Challenges

Turned messy robot math into something normal people can use. Instead of scripting or Excel geometry, we built a nocode 3D workspace with guided steps that still preserves the level of precision robots need  like down to centimeters and degrees  and runs smoothly on an iPad with gloves on.

The Process

  1. Weeks 1–3: Field research & task analysis (shop-floor observations, operator interviews).
  2. Weeks 4–7: Rapid wireframes → interactive prototypes of the 3D workspace and parameter panels; weekly usability loops.
  3. Weeks 8–10: High-fidelity UI, design tokens, HMI pattern library.
  4. Weeks 11–12: Dev handoff, implementation QA, pilot instrumentation (analytics + in-app survey).

The Outcome

  • −42% time-to-first-setup (avg. 68→39 mins across 12 tasks, n=18 operators)
  • −63% parameter-entry errors (unit/axis mistakes per session)
  • −31% support tickets in the first 6 weeks post-launch
  • Training time −75% (2h coached → 30m guided onboarding)
  • SUS 86 / CSAT 4.6/5 in pilot usability rounds
  • Adoption: 3 pilot sites, ~45 daily operators, 400+ sessions, 99.7% crash-free

Behind the Decisions: Reflections & Trade-offs

OnRobot was about taking something that should require an engineer  robot setup and making it feel natural to operators who would rather just get the job done.

The core trade off was precision vs. approachability. Robotics teams needed millimeter-level control; operators needed to see “move this here” and trust that nothing dangerous would happen.
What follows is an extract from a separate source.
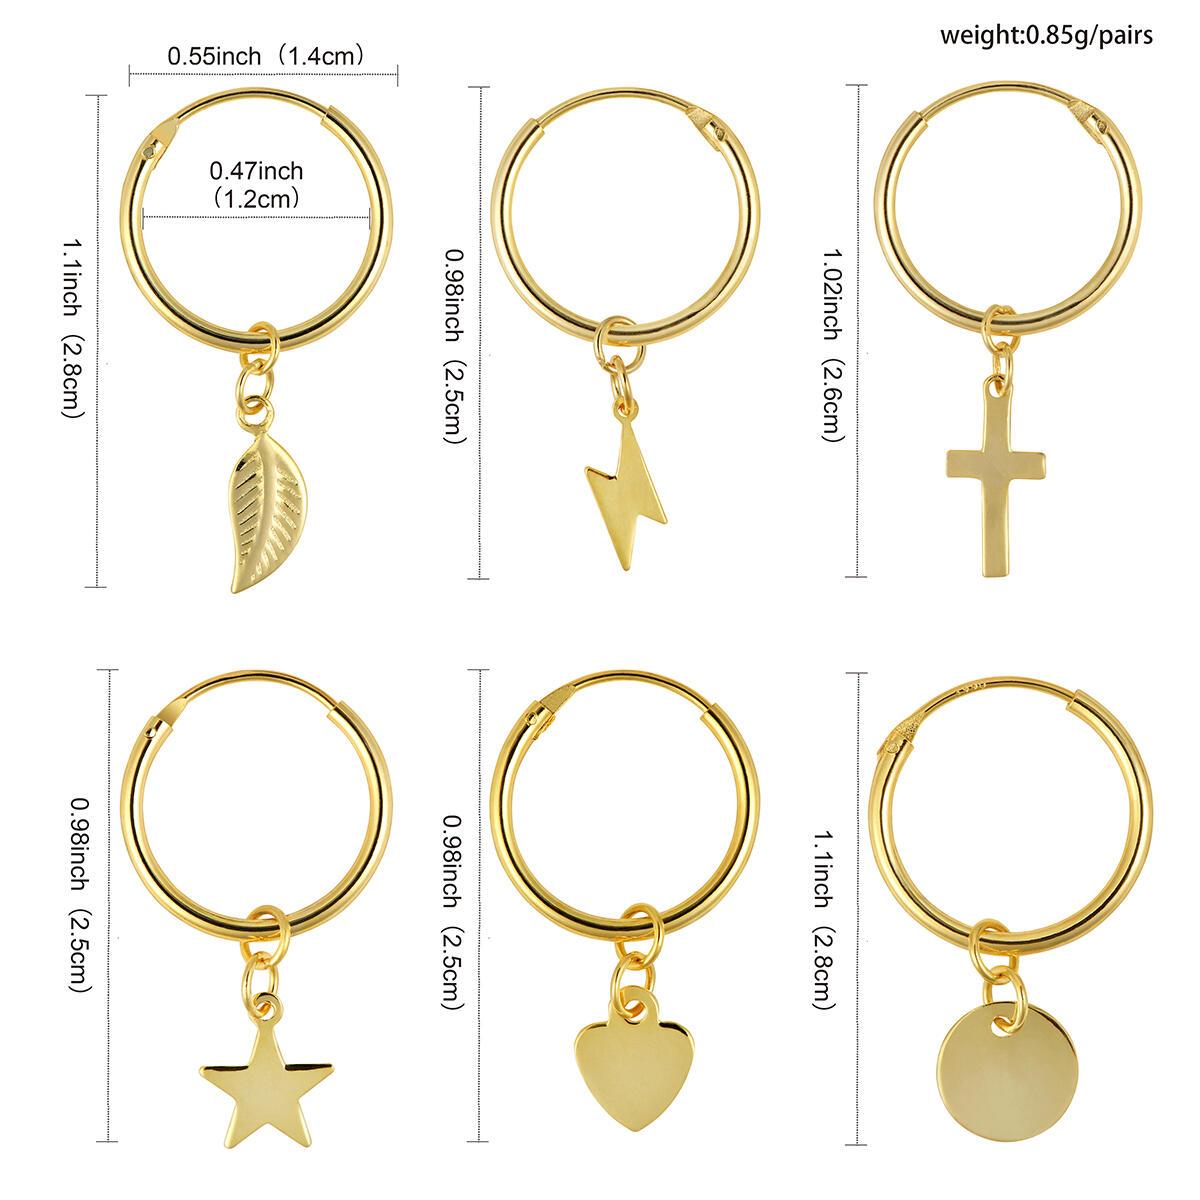 YeGieonr Small Dangle Hoop Earrings -Cross Hoop Earrings -925 Sterling Silver with 14k Gold Plated,Minimalist Dainty Huggie Hoop Earrings with Tiny Charms For Women/girls/teens

We decided to bring the complexity into a visual 3D workspace + parameter panels, instead of stuffing it into forms and manuals. That made setups feel like manipulating a scene, not programming a machine.

Nothing about this could have been solved from a conference room. The most important design work happened on the shop floor: watching how people actually rigged tasks, where they guessed, where they double checked with a colleague. Weekly reviews with robotics, HMI devs, and safety took that raw reality and hardened it into a system that cut setup time, slashed errors, and still passed internal safety scrutiny.